The issue of ‘identifiers’ for researchers (such as ORCID), who in turn acknowledge funding sources. Introducing this is good practice as they can incorporate project information and publications into their data creation.
Interestingly, it was noted that it is cheaper to keep data than to go back and recreate it.
The third group looked at researchers, and if they want to share data and where the barriers lie. Acknowledgment of data sharing is essential. The group discussed peer review and suggested the reviewers best placed for this were the users of the actual datasets. A more open method of review was also discussed.
In terms of sharing data, nervousness of ‘incorrect’ data being exposed was the main barrier. Ways to overcome this were ensuring quality assurance of data at the start, as well as the publisher enforcing standards. Promoting trusted databases to scientists and the value of curated and citable data would also help to lower this barrier.
The fourth group looked more closely at technical issues, and discussed the use of Trust Levels on OpenAIREplus DataModel and Services for entities and relations. It was thought important that OpenAIRE define the requirements and levels of trust for long term preservation of datasets/objects/components and data archives for/of the Enhanced Publications. It was suggested to develop services based on those levels of trust - at user interface, for example, verifying permanence at certain periods of time depending of trust level.
The fifth group for OpenAIRE participants discussed a range of issues and the main observation that some countries simply aren’t developed enough to tackle data issues.
One participant noted that in their institution it would be hard to augment a data policy simply because of issues of ownership and internal sensitivities. A university has so many different departments, so where should the policy sit? In this context the role of the library was discussed and whether that it had the right expertise to manage data. There is a certain inertia to take this on. Above all, researchers need a good ‘usable’ system to share data.

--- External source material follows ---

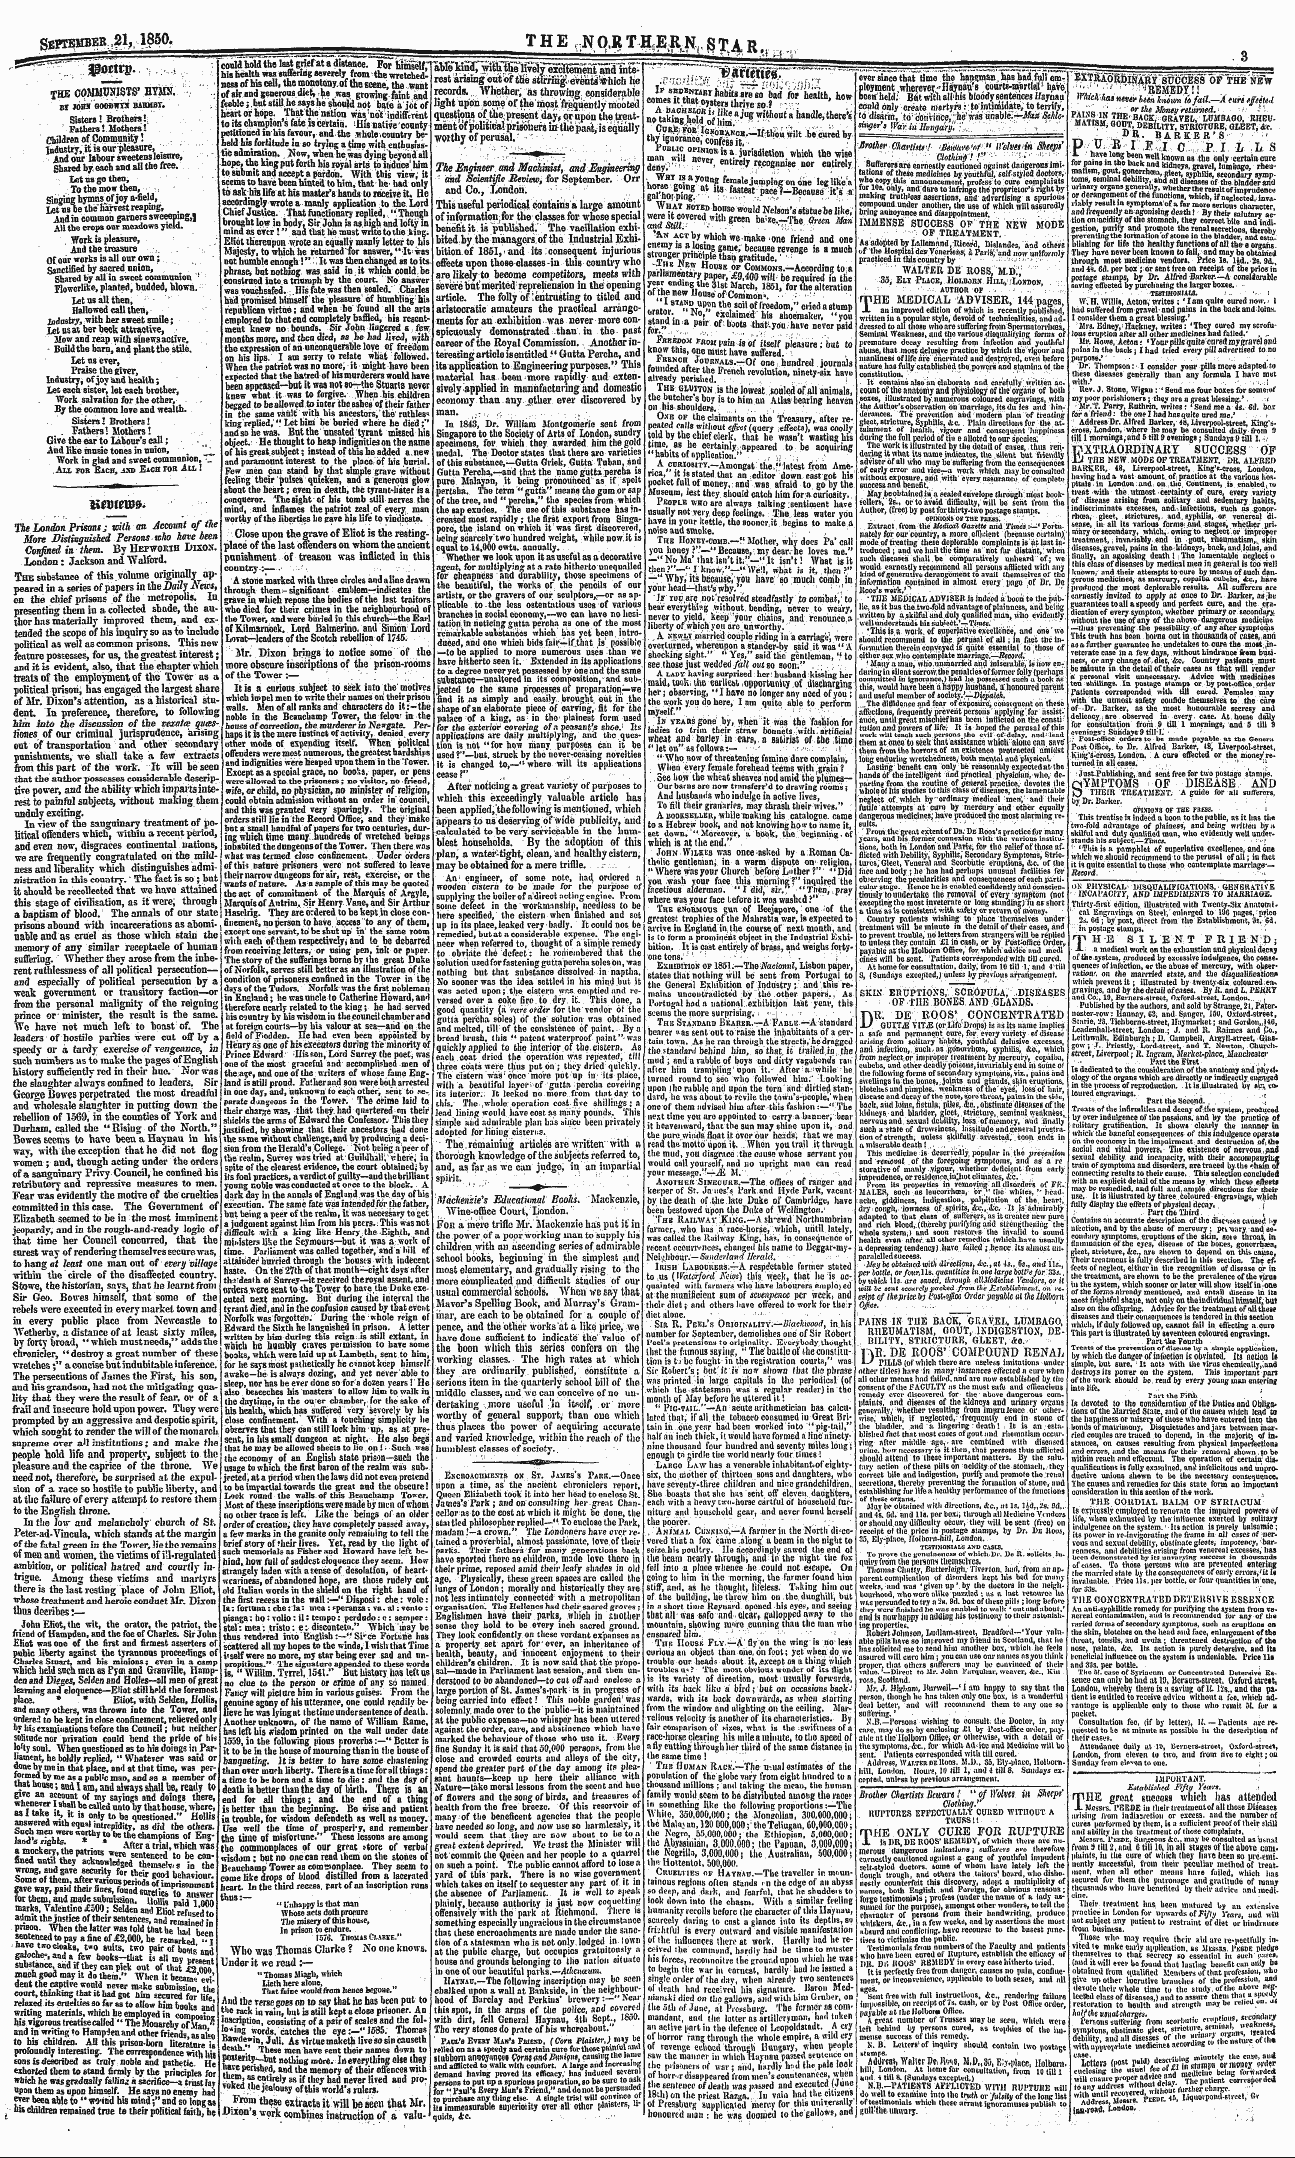 Northern Star (1837-1852): jS F Y, 3rd edition - Ad00316

With regard to technical issues, it was noted that while resources are diverse, the model needs to be flexible enough to harvest minimal metadata. The issue was raised about metadata and whether it too was subject to legal restrictions.
In terms of ‘sharing data’ – if scientists know that they have to share it from the start this might be more conducive to good management.
And…the final comment from an attendee was that ‘researchers would rather share their toothbrushes than their data’. We have a lot of work to do!
We would like to thank Nordbib for facilitating and supporting our workshop.